Cell Biology Program, Sloan Kettering Institute for Cancer Research, New York, NY 10065, USA.
Cell Biology Program, Sloan Kettering Institute for Cancer Research, New York, NY 10065, USA; Louis V. Gerstner, Jr. Graduate School of Biomedical Sciences, Memorial Sloan Kettering Cancer Center, New York, NY 10065, USA.
Cell Rep. 2019 Mar 19;26(12):3212-3220.e4. doi: 10.1016/j.celrep.2019.02.073.
Metazoan cell death mechanisms are diverse and include numerous non-apoptotic programs. One program called entosis involves the invasion of live cells into their neighbors and is known to occur in cancers. Here, we identify a developmental function for entosis: to clear the male-specific linker cell in C. elegans. The linker cell leads migration to shape the gonad and is removed to facilitate fusion of the gonad to the cloaca. We find that the linker cell is cleared in a manner involving cell-cell adhesions and cell-autonomous control of uptake through linker cell actin. Linker cell entosis generates a lobe structure that is deposited at the site of gonad-to-cloaca fusion and is removed during mating. Inhibition of lobe scission inhibits linker cell death, demonstrating that the linker cell invades its host while alive. Our findings demonstrate a developmental function for entosis: to eliminate a migrating cell and facilitate gonad-to-cloaca fusion, which is required for fertility.

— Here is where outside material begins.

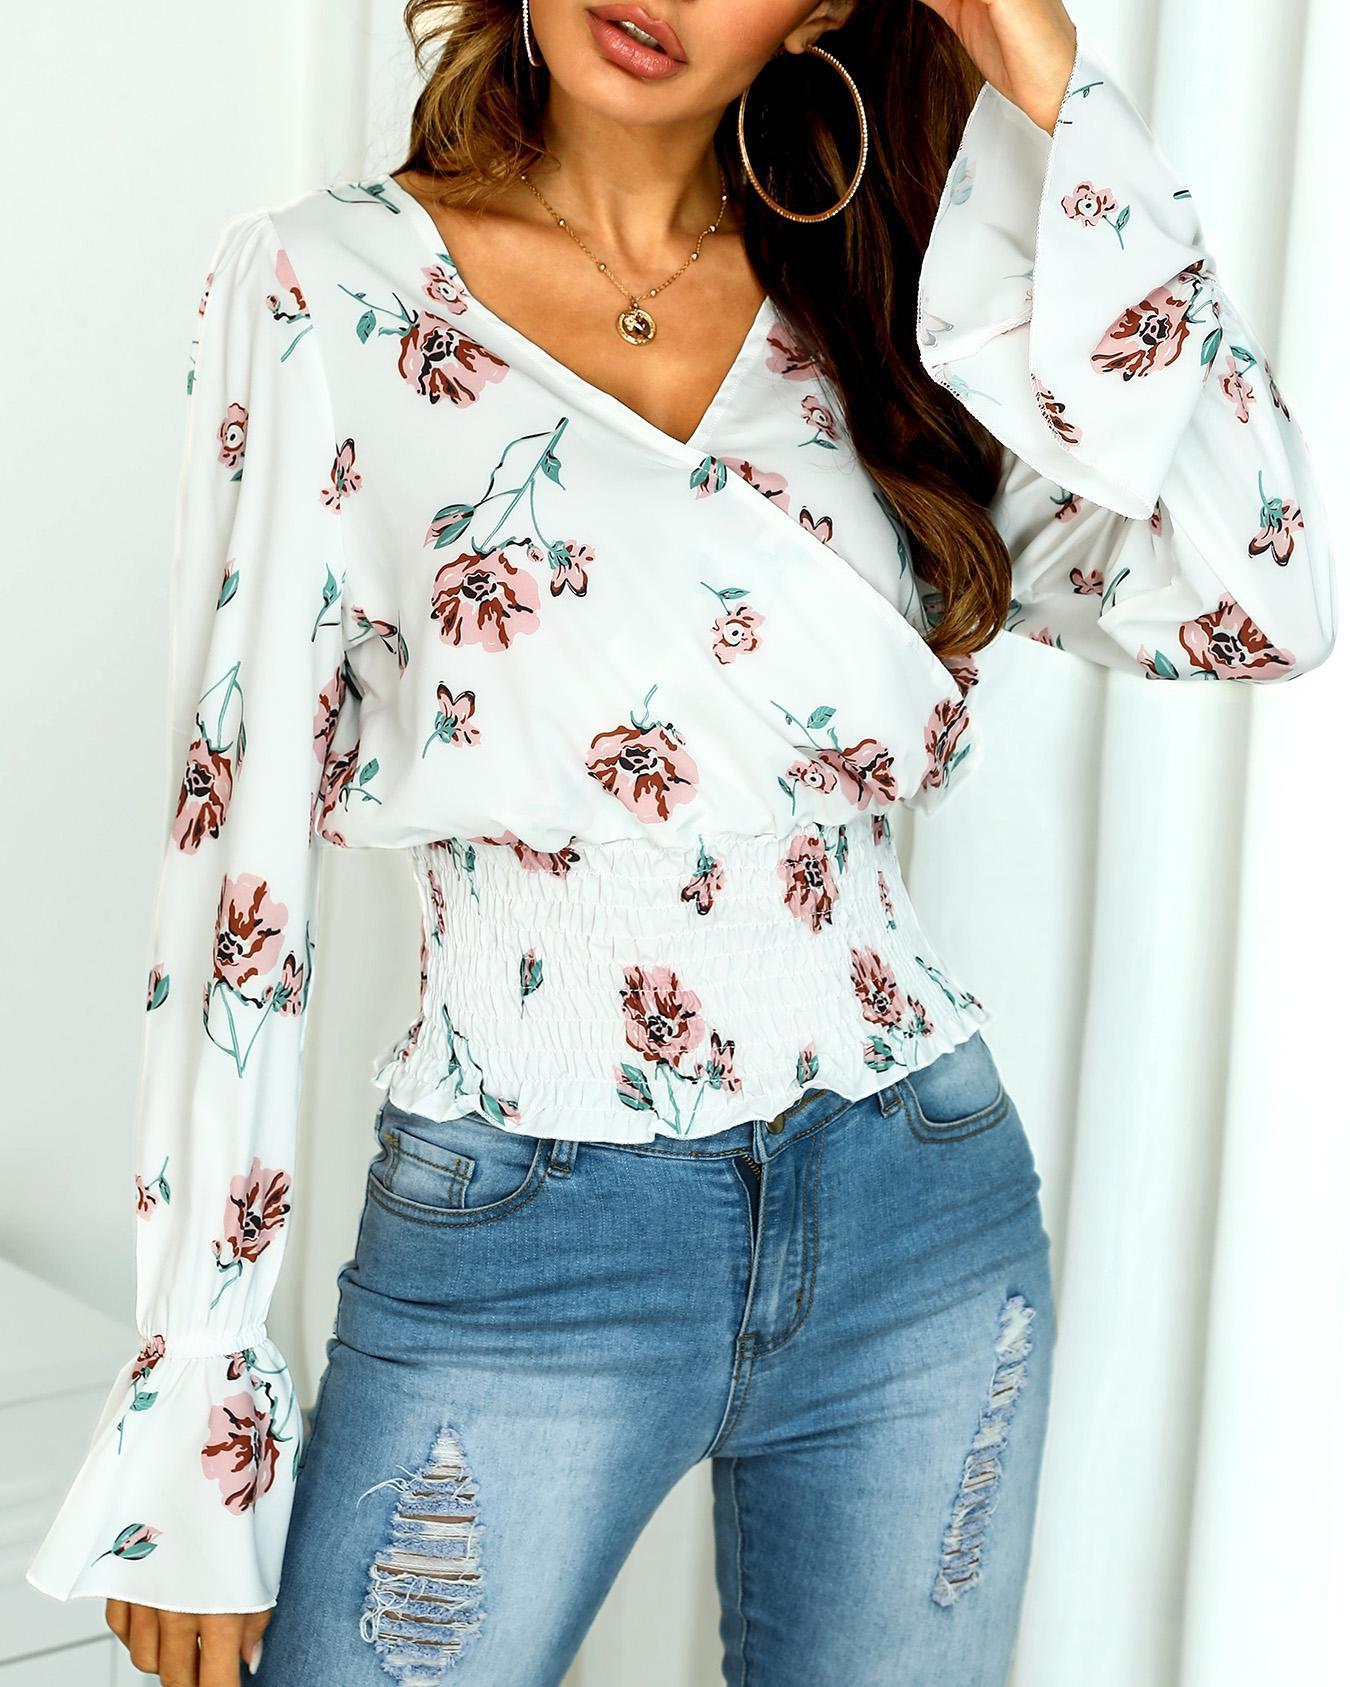 boutiquefeel / Blusa de envoltório de manga comprida floral

后生动物细胞死亡的机制多种多样,包括许多非细胞凋亡程序。一种被称为“胞吞”的程序涉及活细胞侵入其邻近细胞,这种现象在癌症中很常见。在这里,我们发现了胞吞的一个发育功能:清除秀丽隐杆线虫中的雄性特异性连接细胞。连接细胞引导迁移以塑造生殖腺,并在生殖腺与直肠融合时被清除。我们发现,连接细胞的清除涉及细胞-细胞黏附和细胞自主控制摄取,通过连接细胞肌动蛋白进行。连接细胞的胞吞作用会产生一个叶状结构,该结构沉积在生殖腺与直肠融合的部位,并在交配过程中被清除。叶状结构分裂的抑制会抑制连接细胞的死亡,这表明连接细胞在其宿主还活着的时候就侵入了宿主。我们的研究结果证明了胞吞的一个发育功能:清除一个迁移的细胞,促进生殖腺与直肠的融合,这是生育所必需的。